Work item. Pictures stay out of the copy; set down each line of the listing below exactly.

Available data.
______________________________
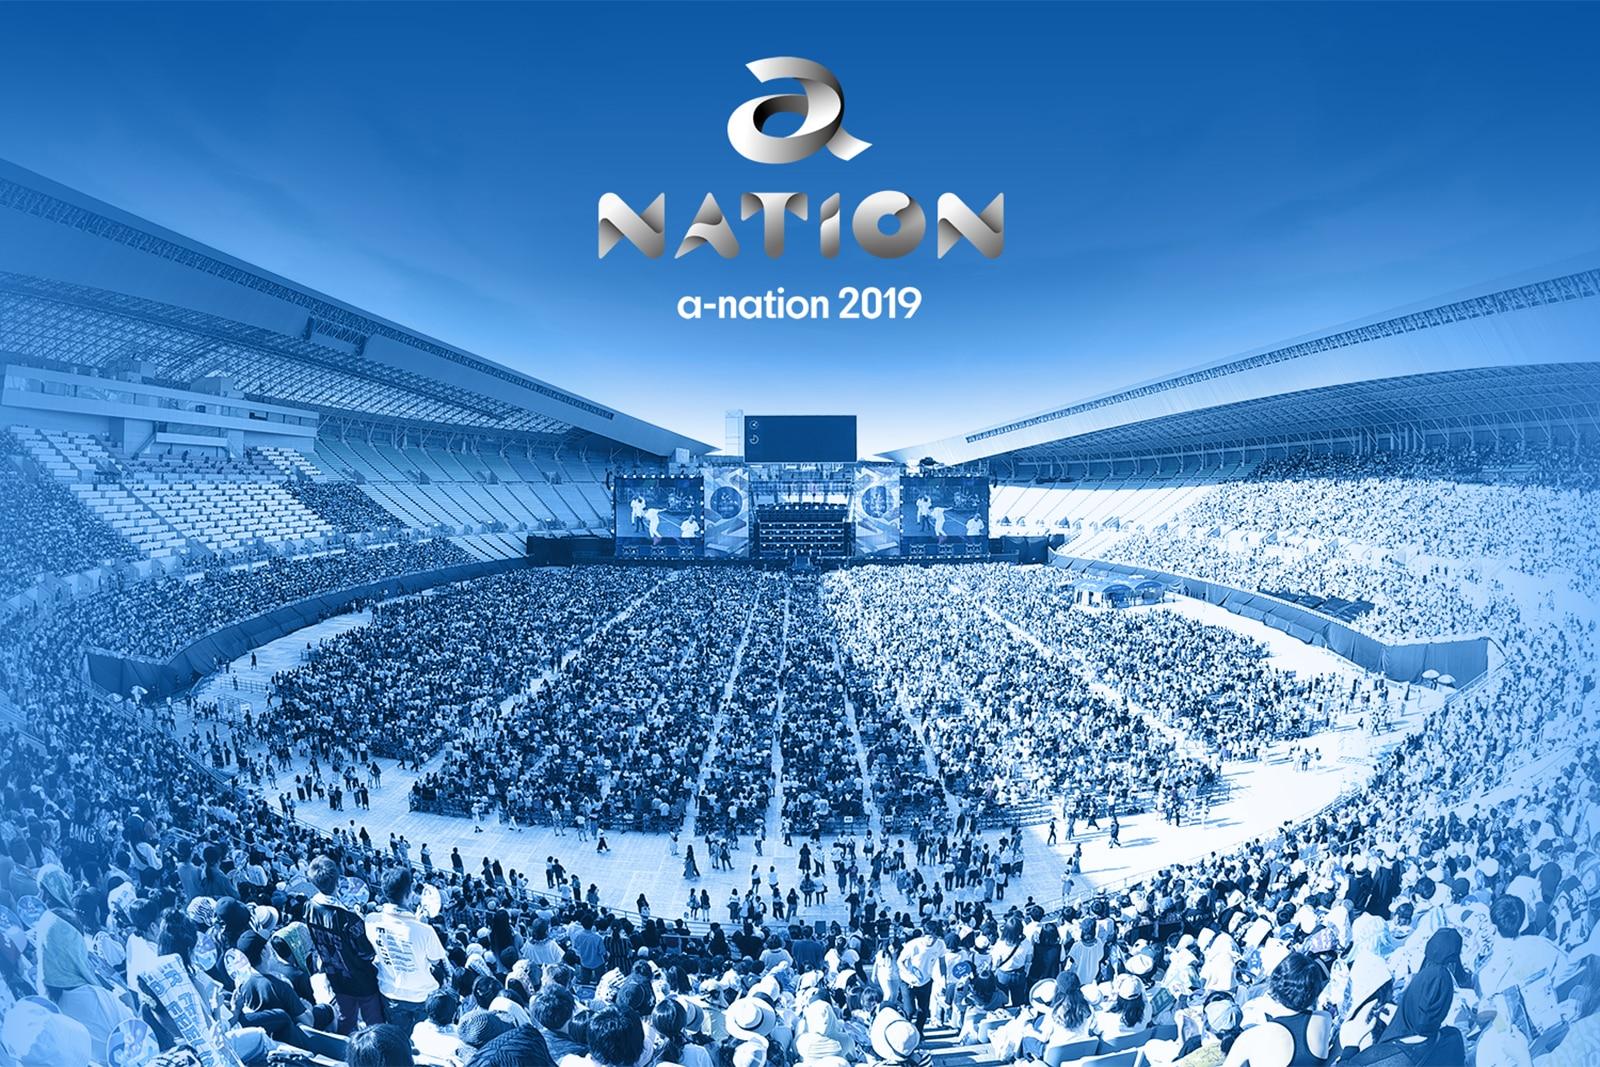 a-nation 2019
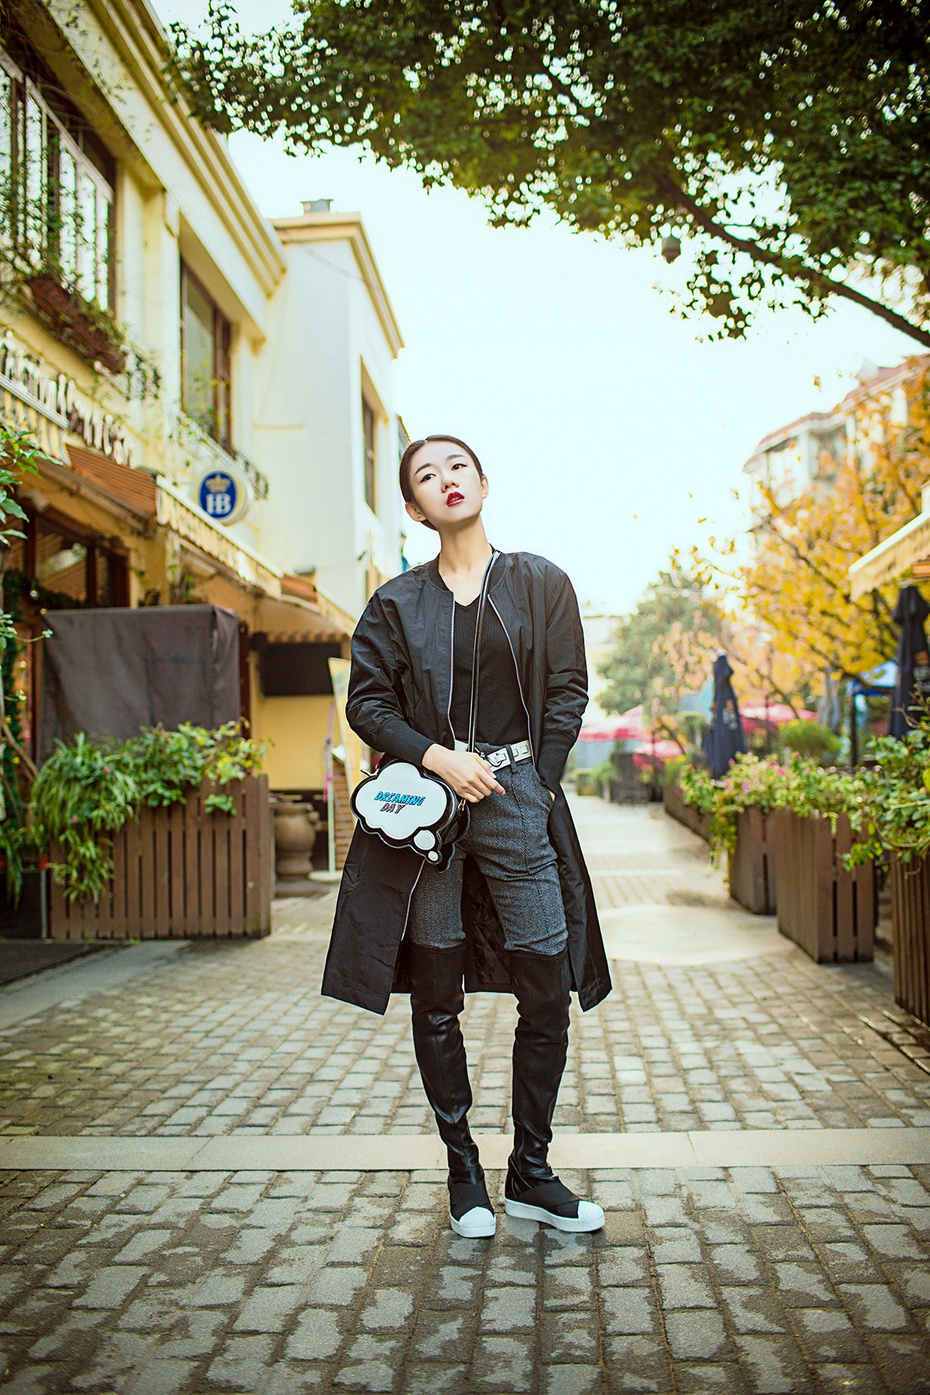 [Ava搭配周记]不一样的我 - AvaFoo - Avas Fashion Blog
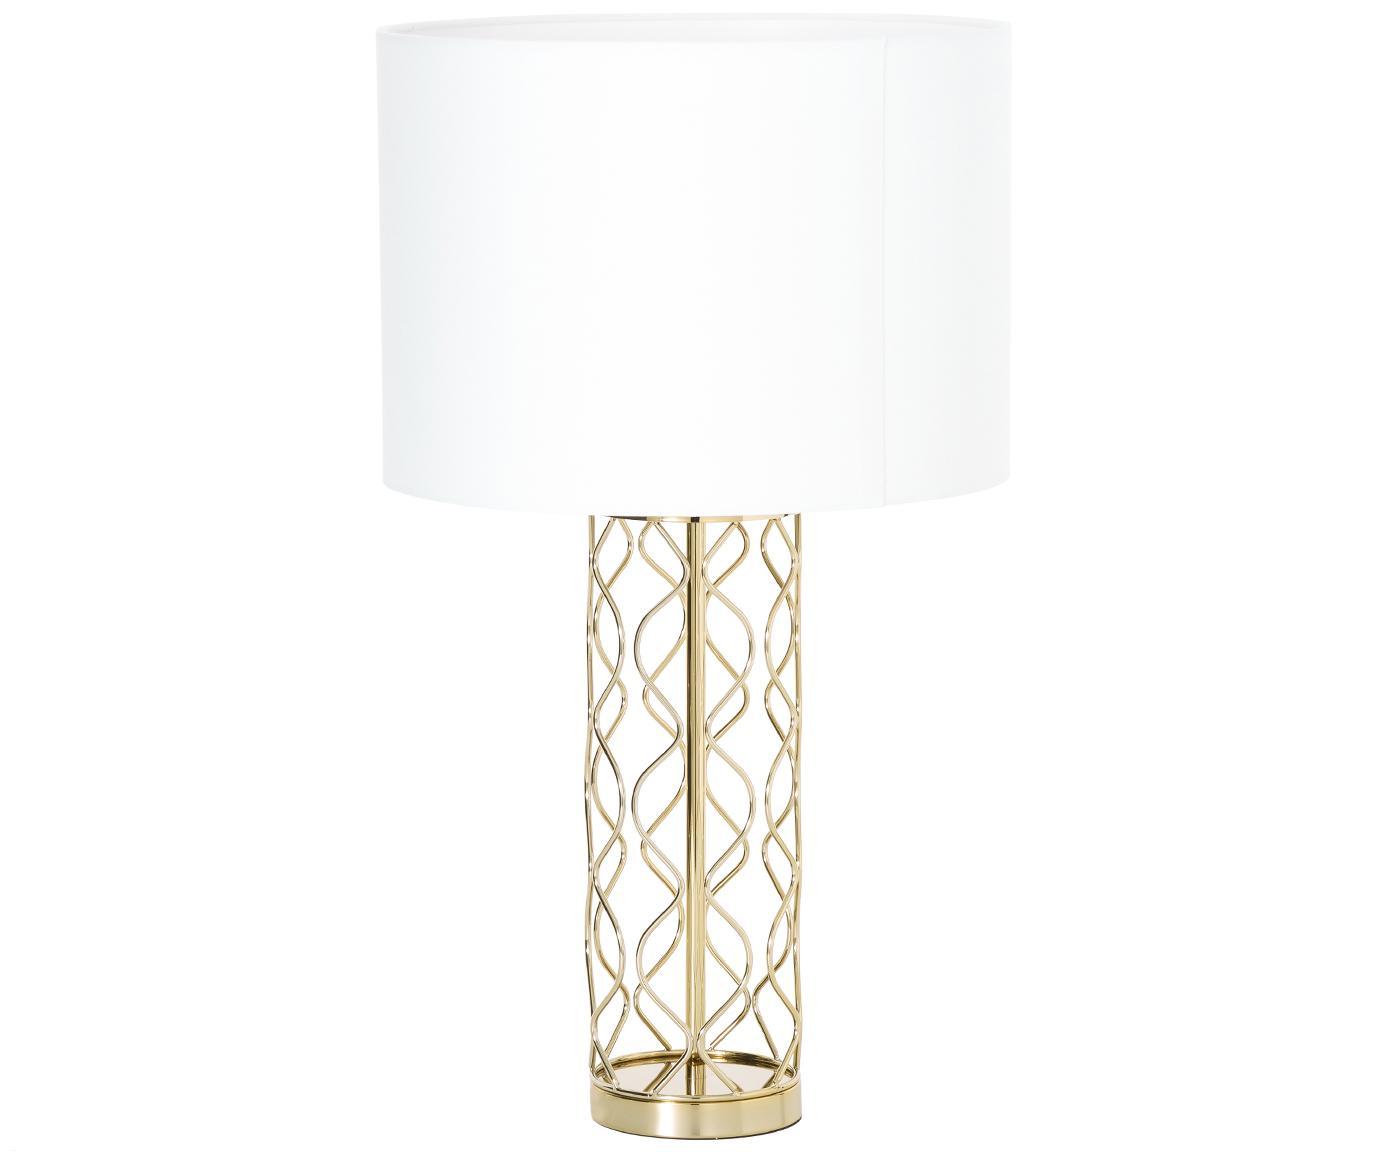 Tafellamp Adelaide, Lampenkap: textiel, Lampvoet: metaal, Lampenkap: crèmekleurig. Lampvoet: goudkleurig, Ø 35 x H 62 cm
______________________________
Expected answer.
 a-nation 2019
 [Ava搭配周记]不一样的我 - AvaFoo - Avas Fashion Blog
 Tafellamp Adelaide, Lampenkap: textiel, Lampvoet: metaal, Lampenkap: crèmekleurig. Lampvoet: goudkleurig, Ø 35 x H 62 cm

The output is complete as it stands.